# The deadline for application for the scholarship is Friday



## ouzhantekin

大家好：

我想問一下我怎麼說 ：The deadline for application for the scholarship is Friday. ??

Can I say 

申請獎學金的期限是這個星期五。??

Even if this one is correct (which I don't believe so but...), how can I say it in a more formal manner?

Thanks in advance


----------



## stellari

ouzhantekin said:


> 大家好：
> 
> 我想問一下我怎麼說 ：The deadline for application for the scholarship is Friday. ??
> 
> Can I say
> 
> 申請獎學金的期限是這個星期五。??
> 
> Even if this one is correct (which I don't believe so but...), how can I say it in a more formal manner?
> 
> Thanks in advance



I usually say 截止日期 (lit. 'cut-stop date'). It is a word used frequently both formally and colloquially. For your sentence, it could be

獎學金申請的截止日期是這個星期五
獎學金的申請截止日期是這個星期五
or even
獎學金的申請這個星期五截止

(BTW: I put 申請 after 獎學金 to make this phrase look more like a noun structure as 'the application of scholarship', rather than 申請獎學金, which is a verb-object structure 'applying for scholarship'. It is just my personal preference, and your version is totally acceptable as well.)

期限 is also possible, although it more commonly refers to a PERIOD of time, rather than a POINT in the timeline. Note that this is not a strict rule, and people do use 期限 interchangeably with 截止日期, but it is not the best practice to me. Another possibility is 最後期限, which sounds slightly better than 期限 alone in the sense of 'deadline'.


----------



## SuperXW

Glad to tell you that your sentence is correct (Even native Chinese would say this casually) , but since you were asking for a more formal manner, you can refer to stellari's post.


----------



## schur

个人更倾向「本周五」，「这个星期五」太长了。


----------



## ouzhantekin

Thanks every one for your kind replies and sorry for this late reply... You have provided the exact word that I had been looking for Stellari, and thanks for yout insight and encouragement SuperXW, and last but not the least thank you schur for your input with regards to formal vocab .)


----------



## BODYholic

Stellari's translation is good. But for the sake of formality, I would change 這個 to 来临的.

奖学金申请的截止日期是来临的星期五。


----------



## stellari

BODYholic said:


> Stellari's translation is good. But for the sake of formality, I would change 這個 to 来临的.
> 
> 奖学金申请的截止日期是来临的星期五。



when i first came to an english speaking country, i used 'this friday' frequently, and people dont seem to understand me. they kept asking me: do you mean this coming friday?

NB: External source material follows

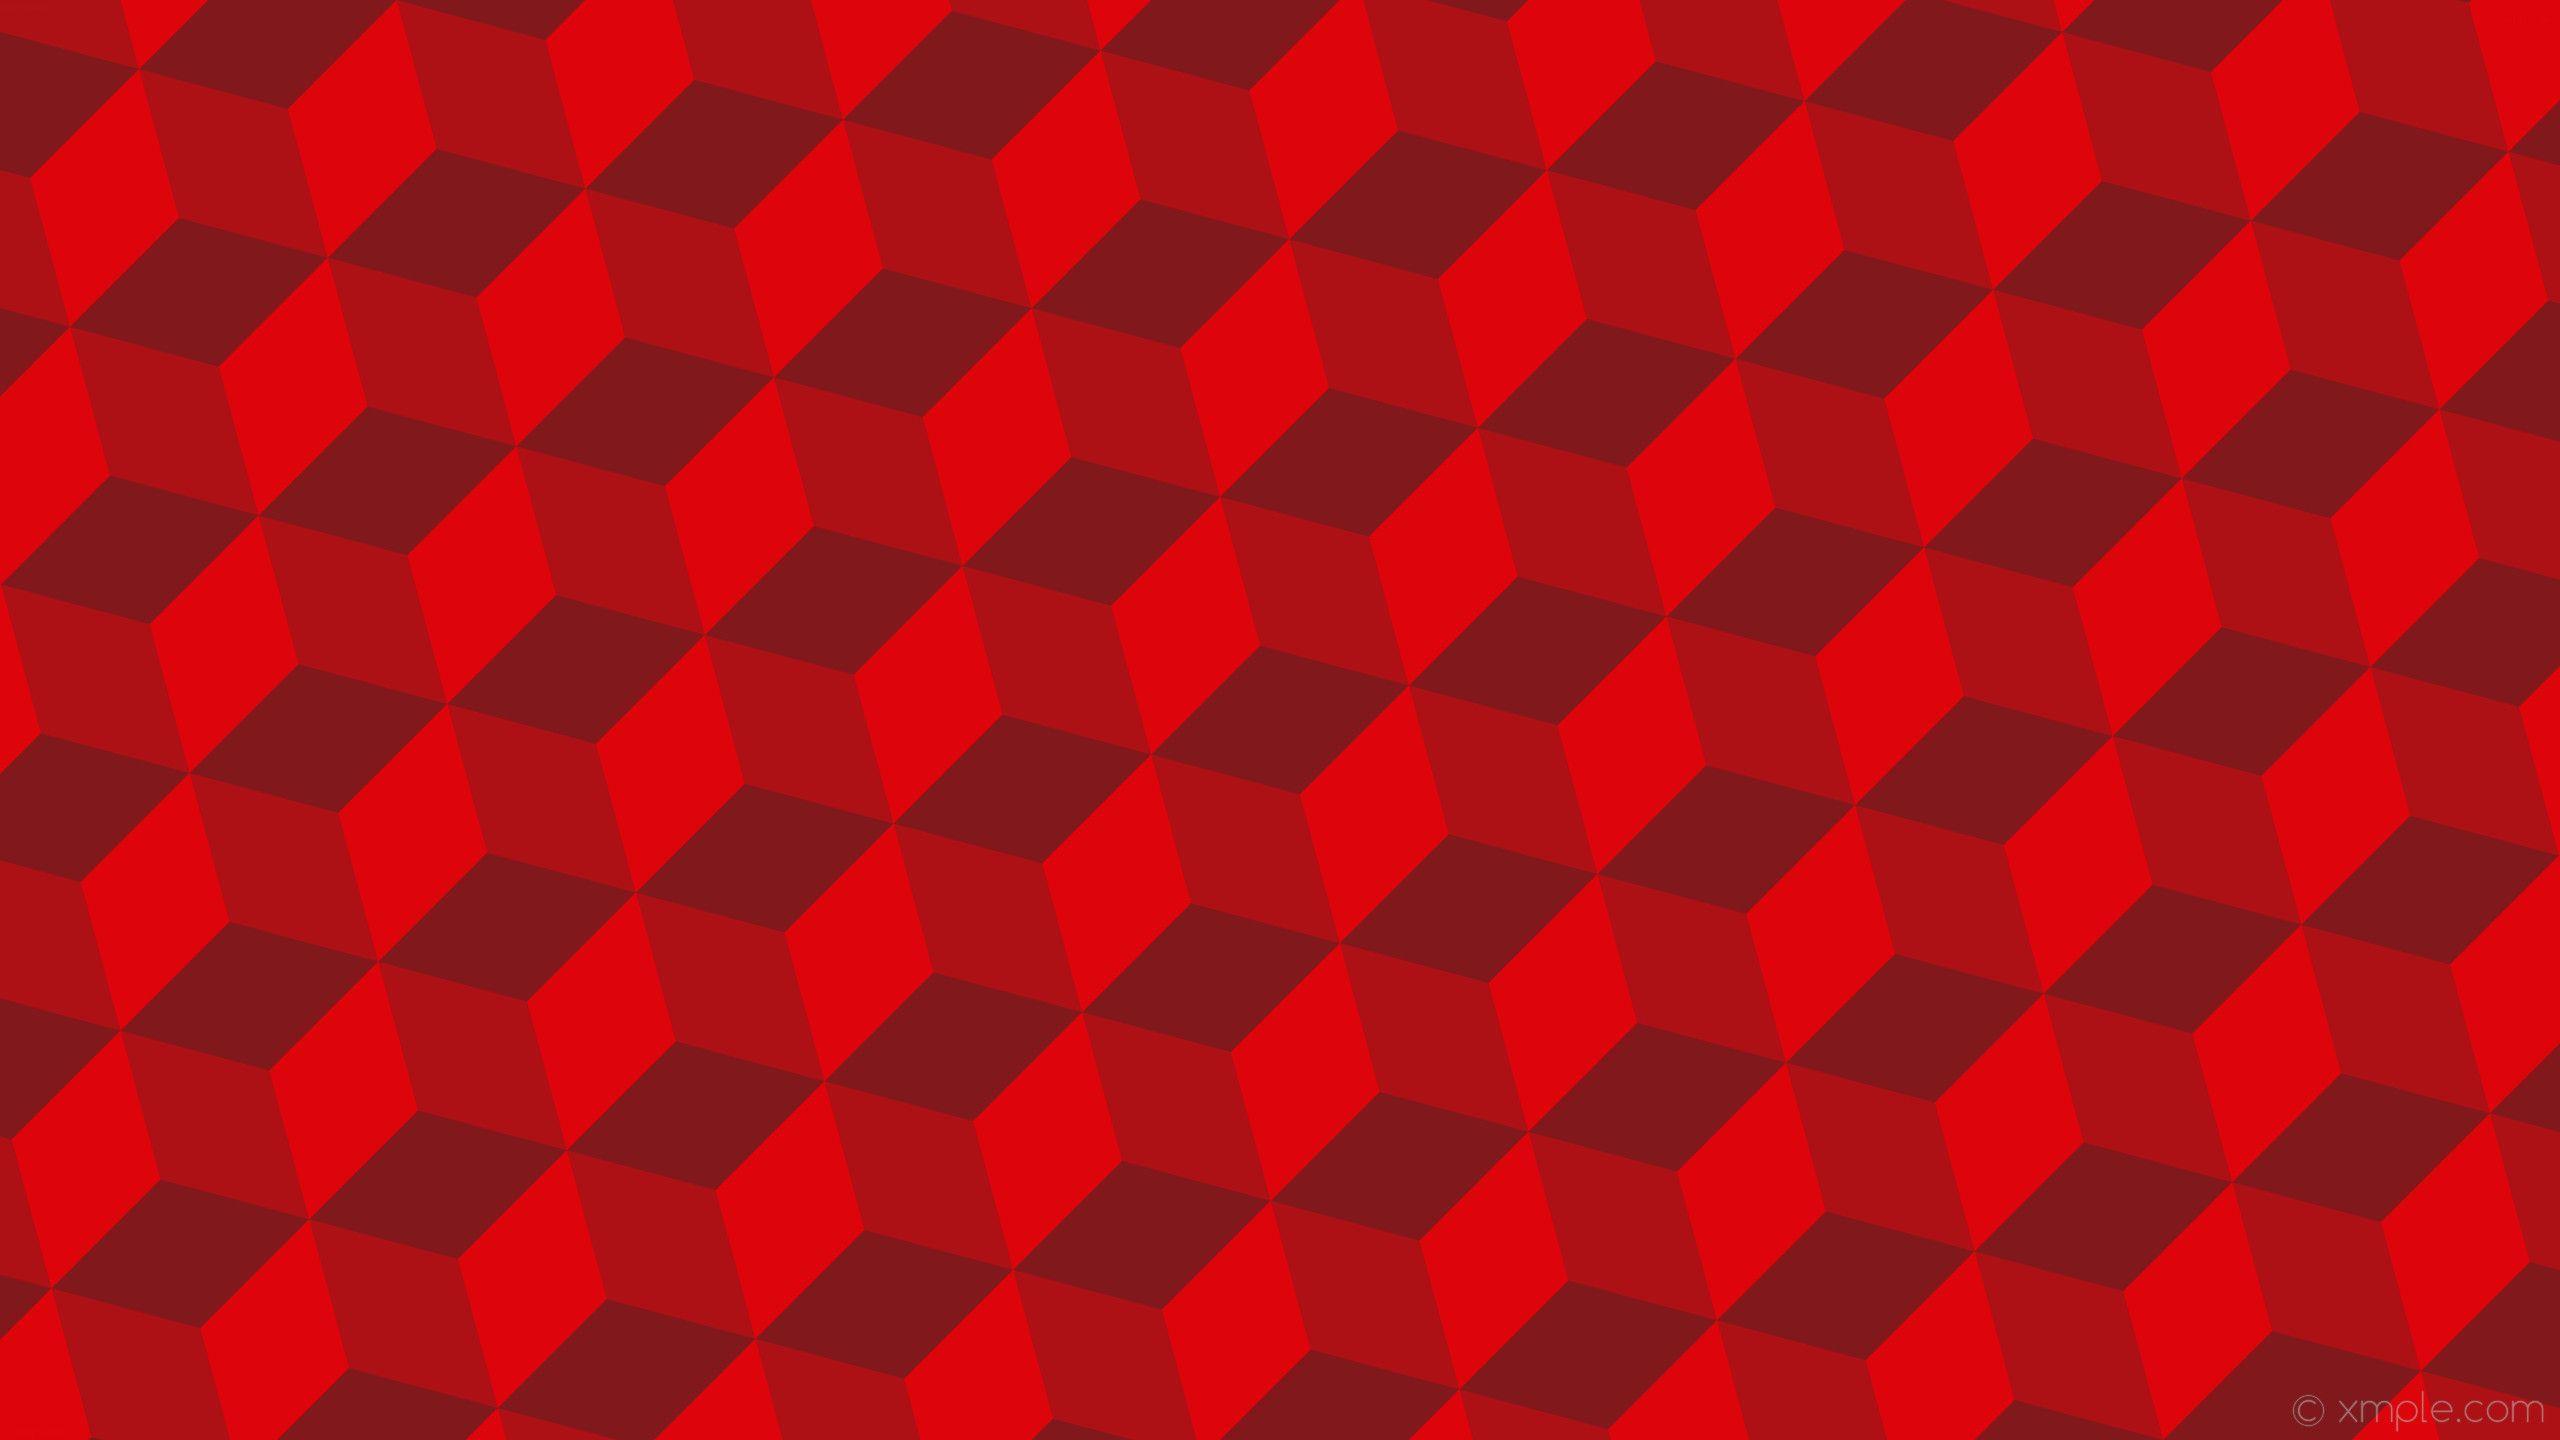 Hình nền 3D đỏ: Tận hưởng màu sắc rực rỡ và sự sôi động của hình nền 3D đỏ. Hình nền này sẽ khiến bạn thấy như đang đi vào một thế giới đầy màu sắc và động lực. Hãy khám phá và cảm nhận từng chi tiết trên hình nền này.

the point is, what you suggested is indeed very clear, but only when you think in english. if you say what you suggested to someone from china, he would probably ask: 你是说这周五吗？for most chinese, 这周五 is a very clear expression: if you are anywhere from (and inclusive) monday, jan 1 to sunday, jan 7, then 这周五 refers to Jan 5. a specific date will be mentioned if precision is critical.

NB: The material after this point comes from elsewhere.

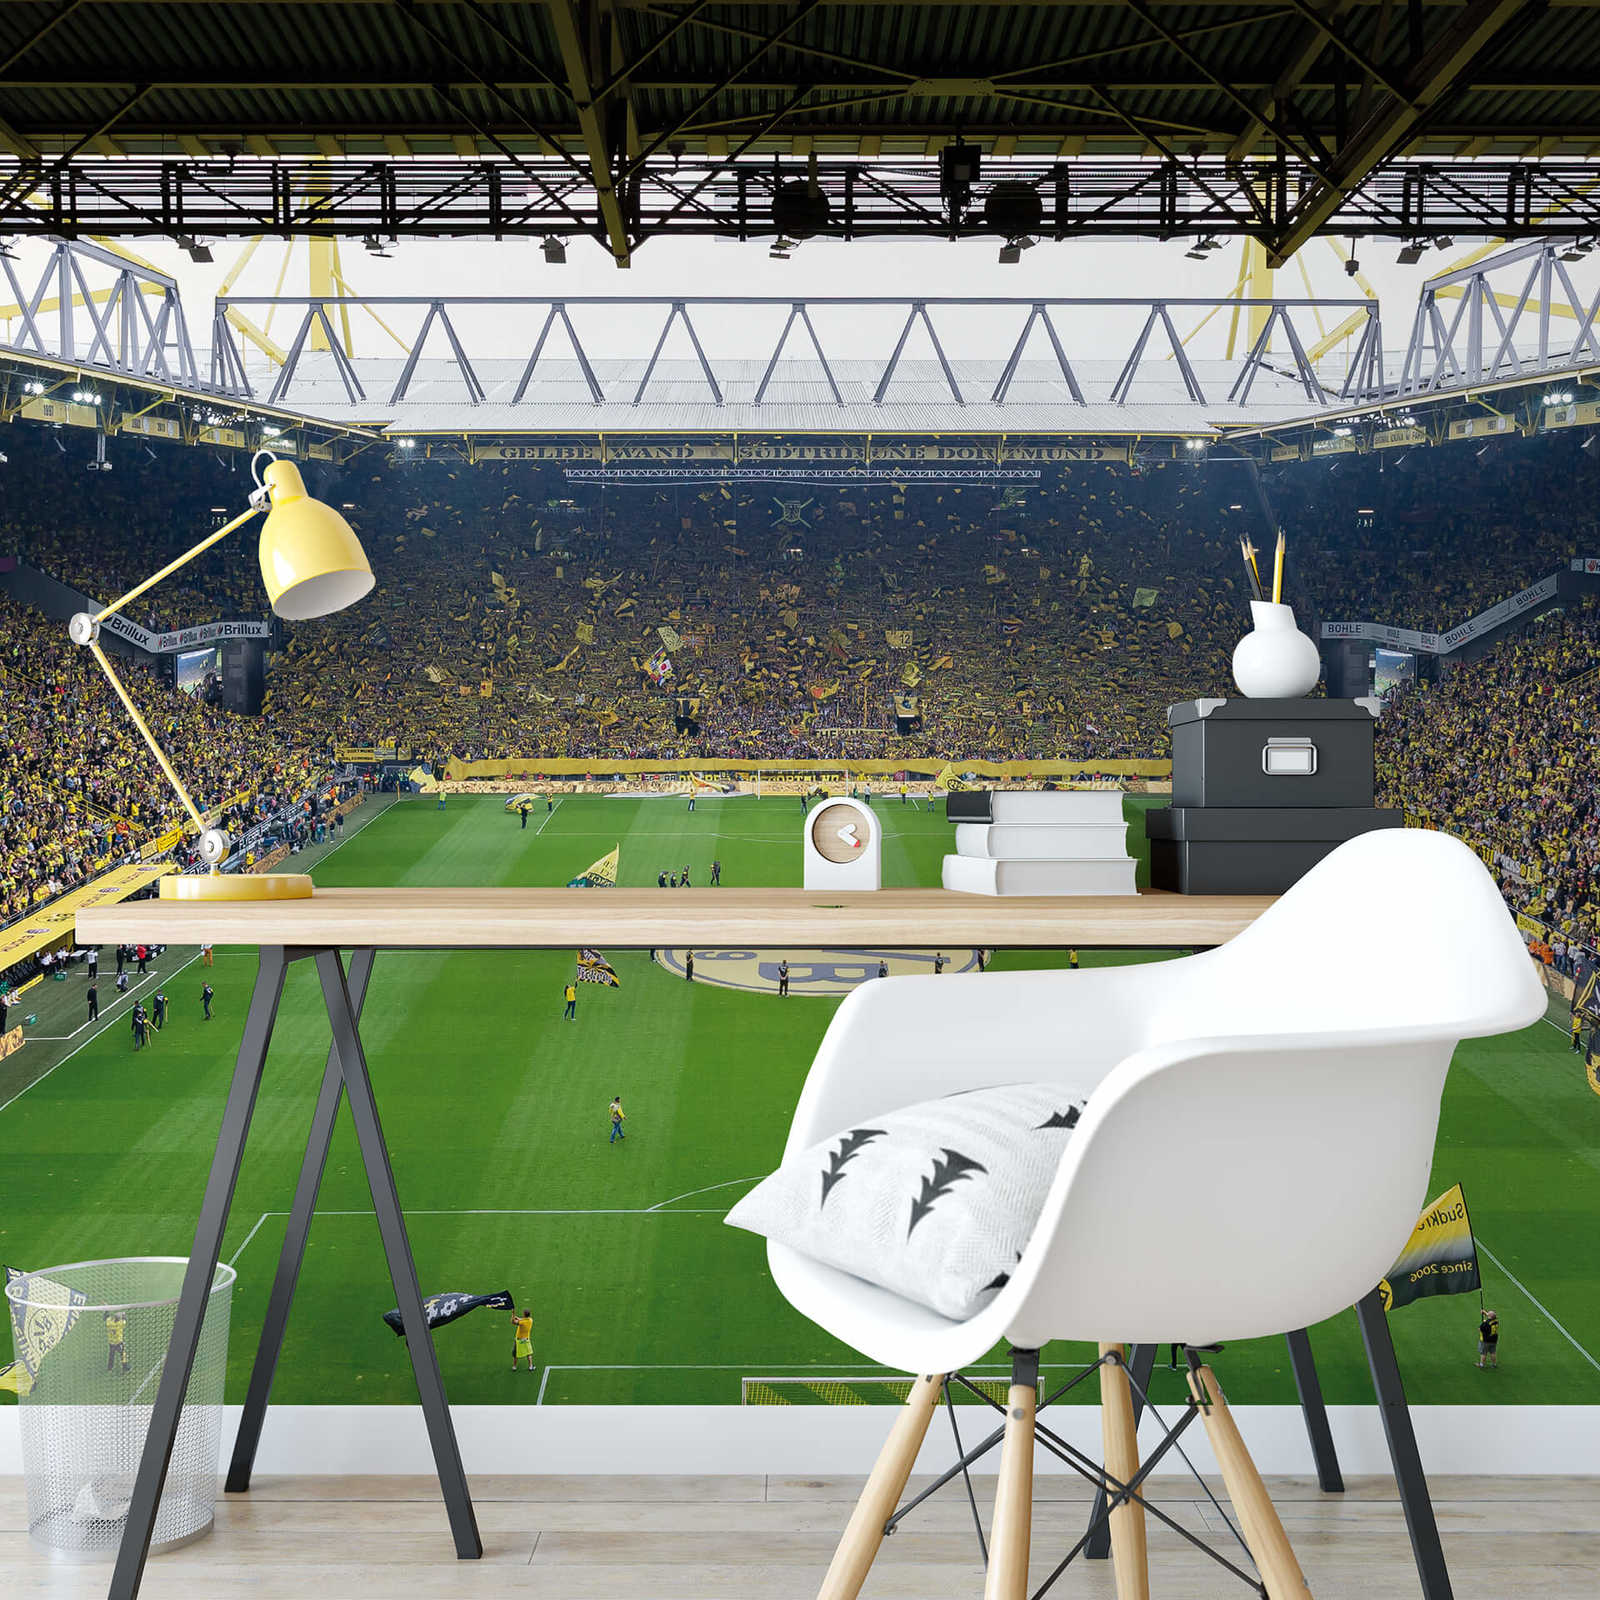             Muurschildering Borussia Dortmund stadion met koren

also, 来临的星期五 is grammatically correct, but sounds rather foreign and people definite dont use it in china. i wouldnt even understand what it exactly means if i do not know the english expression it is directly translated from. so it effectively creats more ambiguity than it attempts to reduce.


----------



## BODYholic

stellari said:


> when i first came to an english speaking country, i used 'this friday' frequently, and people dont seem to understand me. they kept asking me: do you mean this coming friday?
> 
> the point is, what you suggested is indeed very clear, but only when you think in english. if you say what you suggested to someone from china, he would probably ask: 你是说这周五吗？for most chinese, 这周五 is a very clear expression: if you are anywhere from (and inclusive) monday, jan 1 to sunday, jan 7, then 这周五 refers to Jan 5. a specific date will be mentioned if precision is critical.
> 
> also, 来临的星期五 is grammatically correct, but sounds rather foreign and people definite dont use it in china. i wouldnt even understand what it exactly means if i do not know the english expression it is directly translated from. so it effectively creats more ambiguity than it attempts to reduce.

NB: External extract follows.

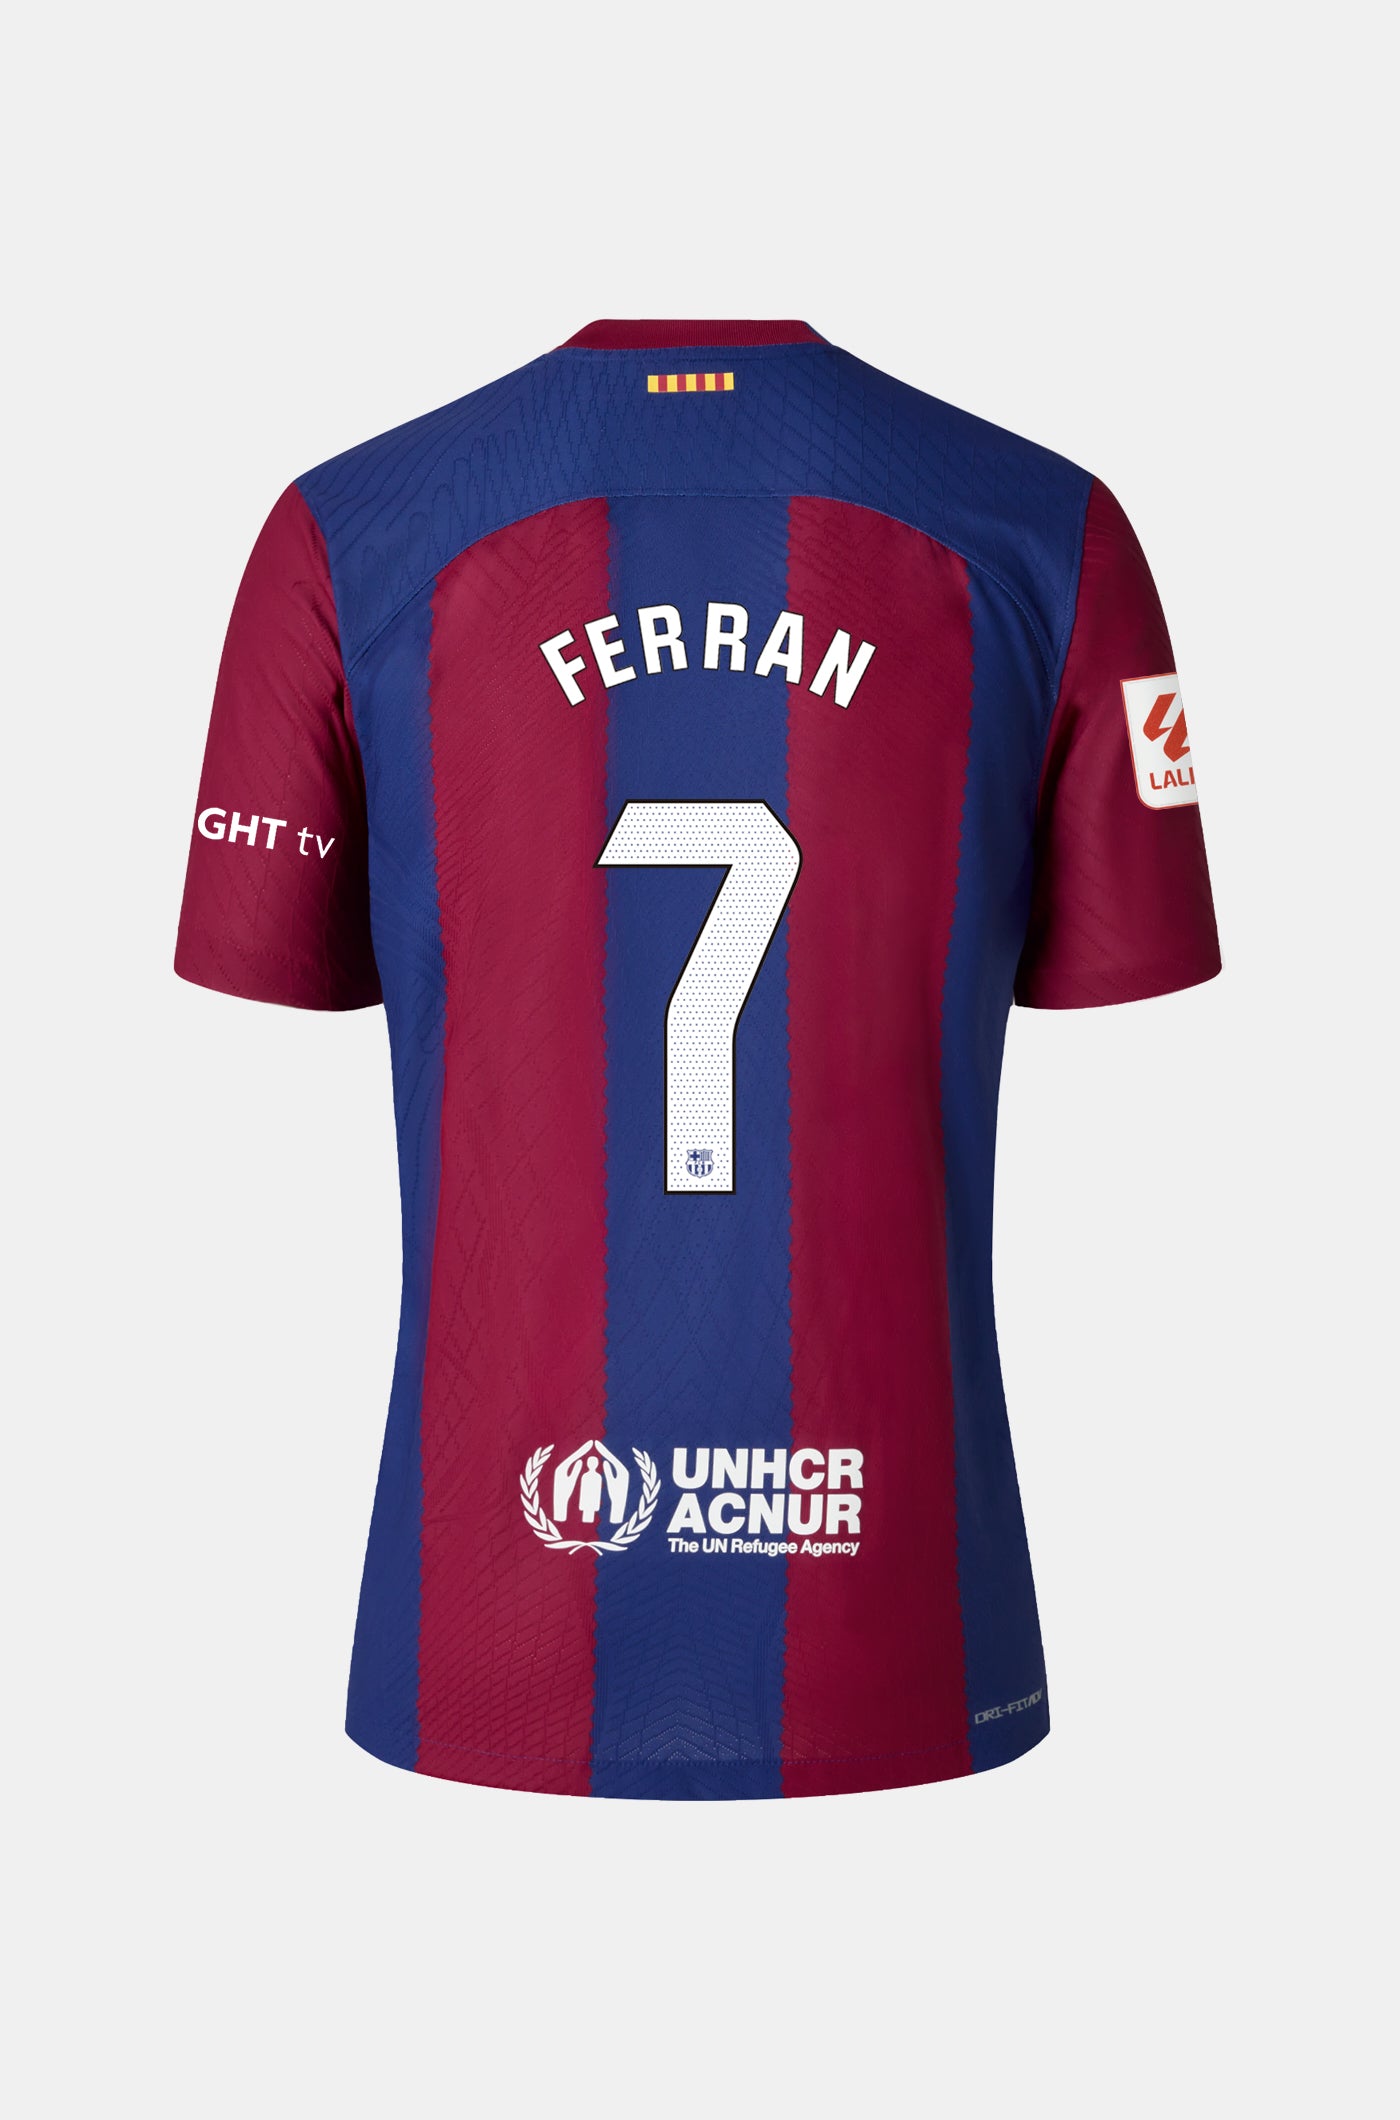 LFP Camiseta primera equipación FC Barcelona 23/24 - Mujer - FERRAN

I think you have gotten the subject out of context.

For the record, people in Singapore widely say/understand "这个星期x" and we all understood it as something colloquial or informal. What I am saying is that the first part of your suggestion does not add up with the latter.

If you wanna be colloquial, say something to the tune of "申请奖学金的日期只到这个星期五为止。". But we won't word it this way if the OP wants something formal.

And the expression of "来临的"+day is not something foreign, although you might have incorrectly thought that it was a convenient translation from the English expression "this coming"+day.

In China, does your official announcements made on TV say "...截止日期是*这个*星期x"? 

And would broadcasters in China say : 
President Obama 将于这个星期五莅临中国北京。Or,
President Obama 将于来临的星期五莅临中国北京。


----------



## Skatinginbc

BODYholic said:


> And the expression of "来临的"+day  is not something foreign, although you might have incorrectly thought  that it was a convenient translation from the English expression "this  coming"+day.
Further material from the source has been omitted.